From his past as an RAF fighter pilot to his job as a bond trader in the City, Alex Calder is a man known for taking big risks – and winning. But when colleague Jennifer Tan decides to pursue a sexual harassment case against her boss, Calder witnesses the ugly side of his world. And the tragic. For Jen commits suicide and Calder quits in disgust.
One year on, Calder is running a flying school in Norfolk. But the past won’t disappear. When a former colleague of Jen's vanishes while visiting Jean-Luc Martel – the infamous “Man Who Broke the Euro” – in his mountain paradise in the Rockies, Calder sees the tragic events of twelve months earlier in even more sinister and terrifying light.
And this time, he’ll risk his reputation, his livelihood and even his life on seeing justice is done…
Writing On the Edge…
I originally intended On The Edge to be the first book in a series. To date, I have only written one other Alex Calder book, See No Evil, but there may be more one day, you never know. So, why a series?
I think the main reason is that I would like to see one of my main characters’ lives develop. I have grown very fond of all six of them so far, but each time I've abandoned them to obscurity after an exciting and life-changing few months. This time I want my hero's life to change and develop over the years.
This means, of course that I have to have a slightly different kind of protagonist. Most of my heroes till now have been innocents caught up in some dastardly scam that stretches them and brings out inner capabilities they never knew they had. Alex Calder starts off like that in On the Edge.
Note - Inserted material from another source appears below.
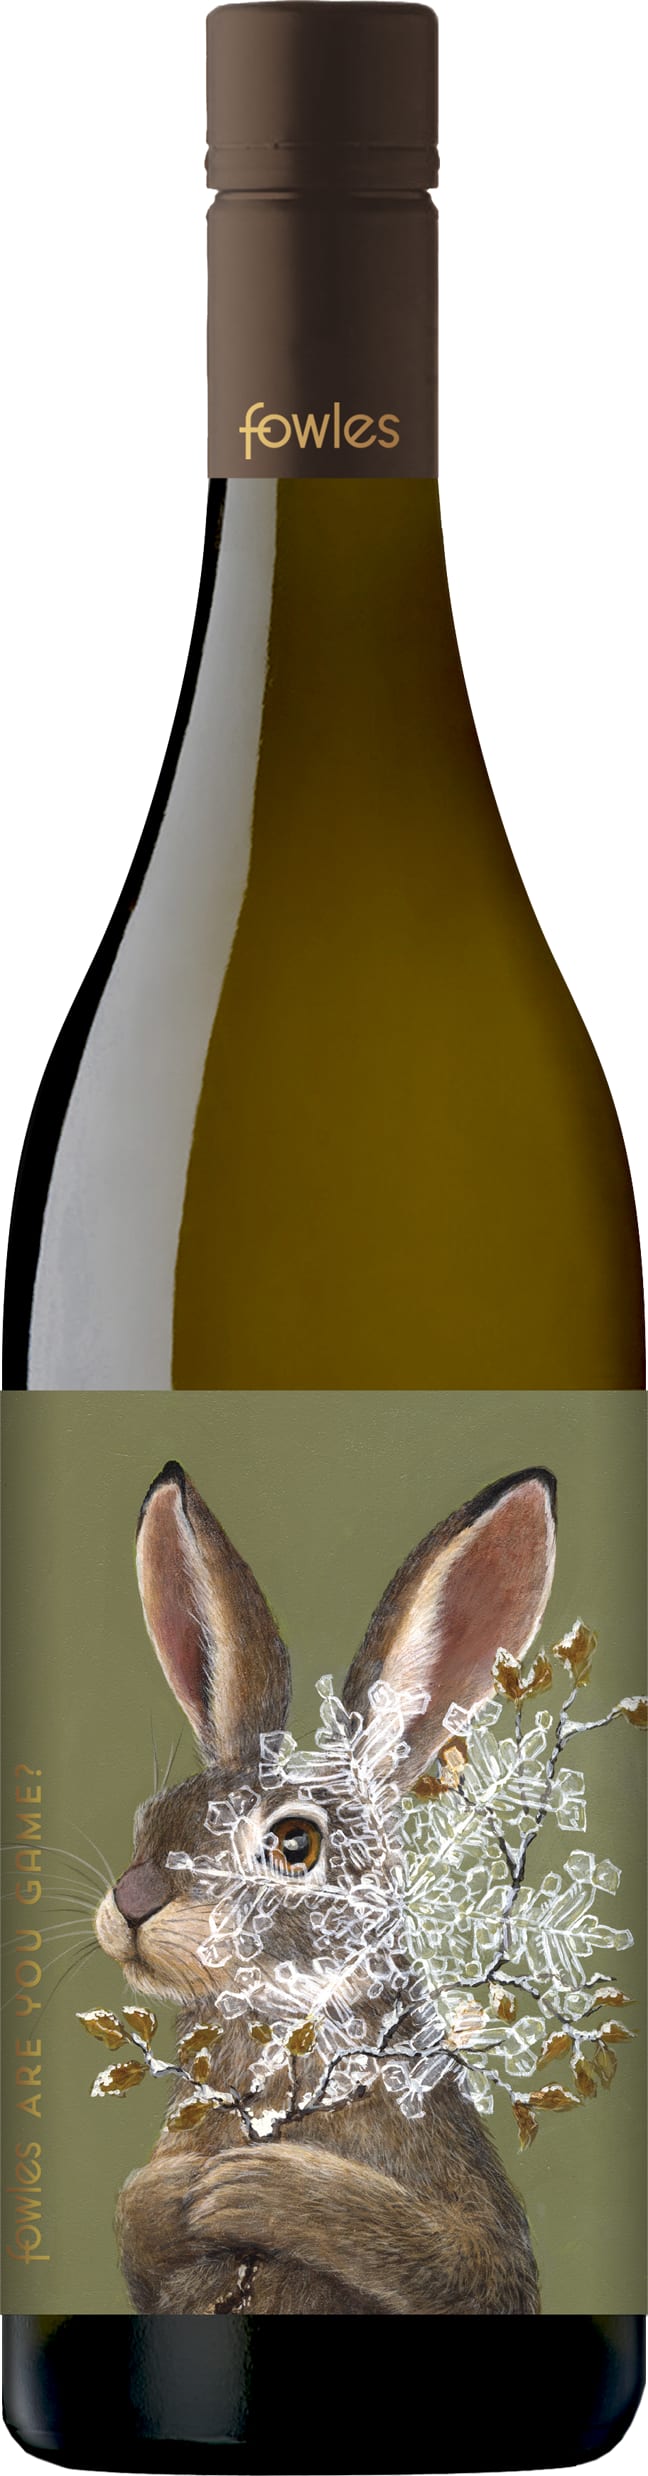 Fowles Wine Are You Game? Chardonnay 2021 75cl - Buy Fowles Wine Wines from GREAT WINES DIRECT wine shop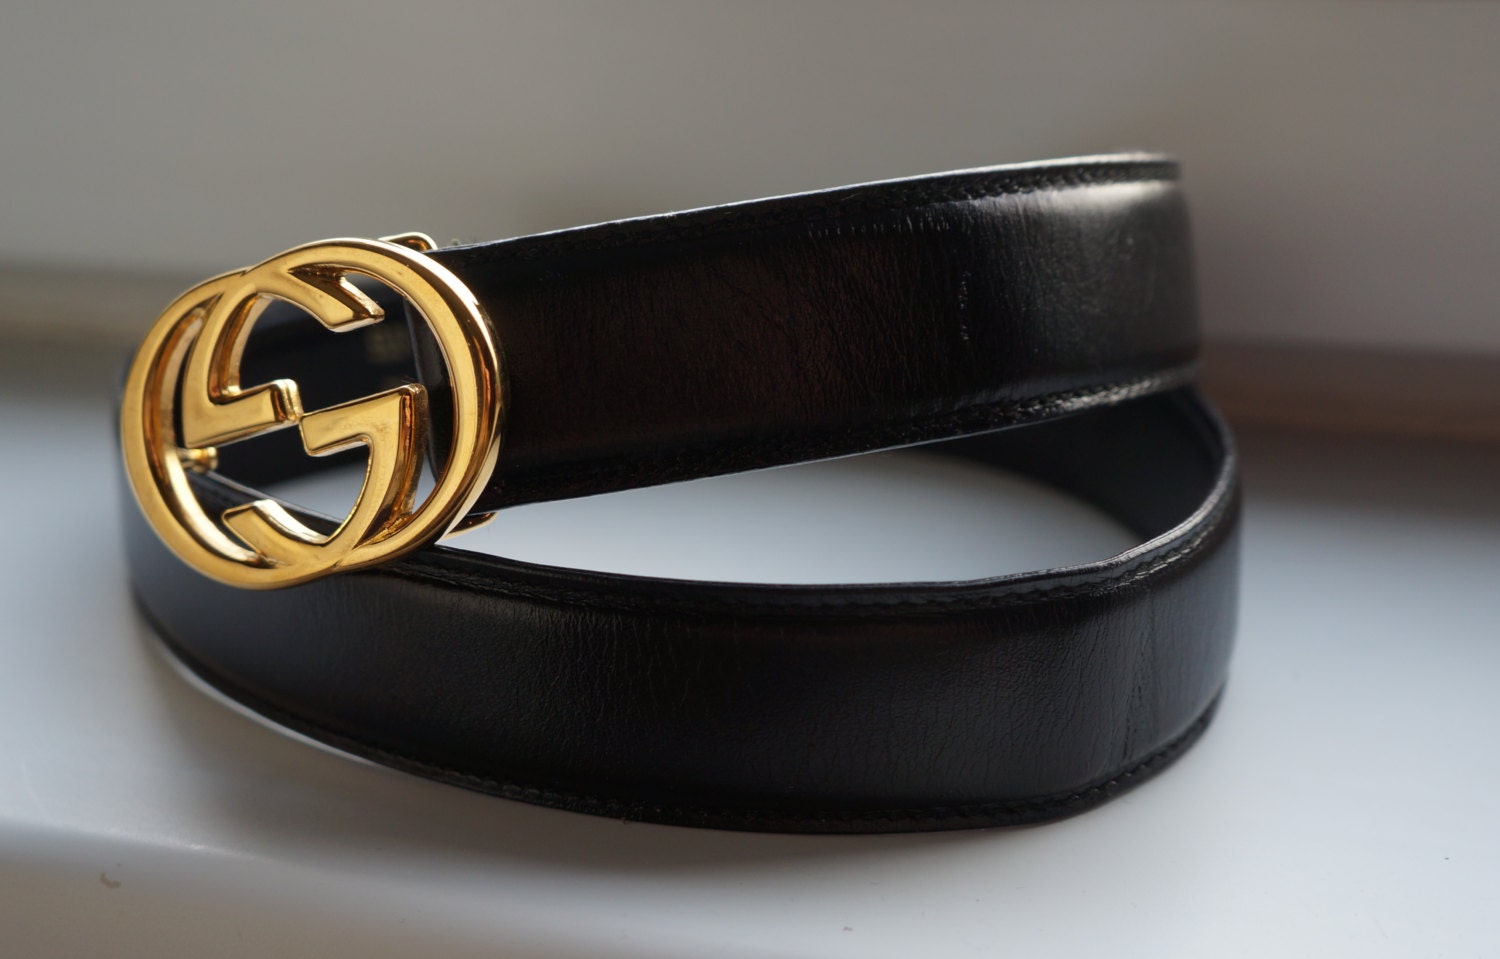 gucci vintage authentic belt black gold gg by StylarniaVintage

But he needs to be a slightly different character, someone who goes out looking for trouble rather than waiting for it to come to him, a restless risk taker.
Although Alex Calder starts the book firmly entrenched in the familiar surroundings of a trading room at Bloomfield Weiss, during the book he leaves the City. As time goes on, this will give him the perspective of an outsider with a background in the financial world and therefore he will be able to look at it critically. More like me, in other words.
On the Edge deals with four themes that are highly topical in the City at the moment: sexual harassment, the disruptive effect of hedge funds, the dangers of complex derivatives and European integration. It is also about the increasing inhumanity of many of the large investment banks. One of the joys of writing a thriller is that you don't have to go in for all that tedious 'on the one hand ... on the other hand' rubbish. You just give your characters strong prejudices and let them fly! It's fair to say they cause quite a lot of damage in this book.
A word of warning. Derivatives are complicated financial products. The more complicated they are, the more profitable they become to the investment banks that issue them. In On the Edge they are very complicated. It is quite permissible for the reader to skim the few paragraphs that describe them, but if you want to try to figure them out for yourself, be my guest. They do hang together, I promise you.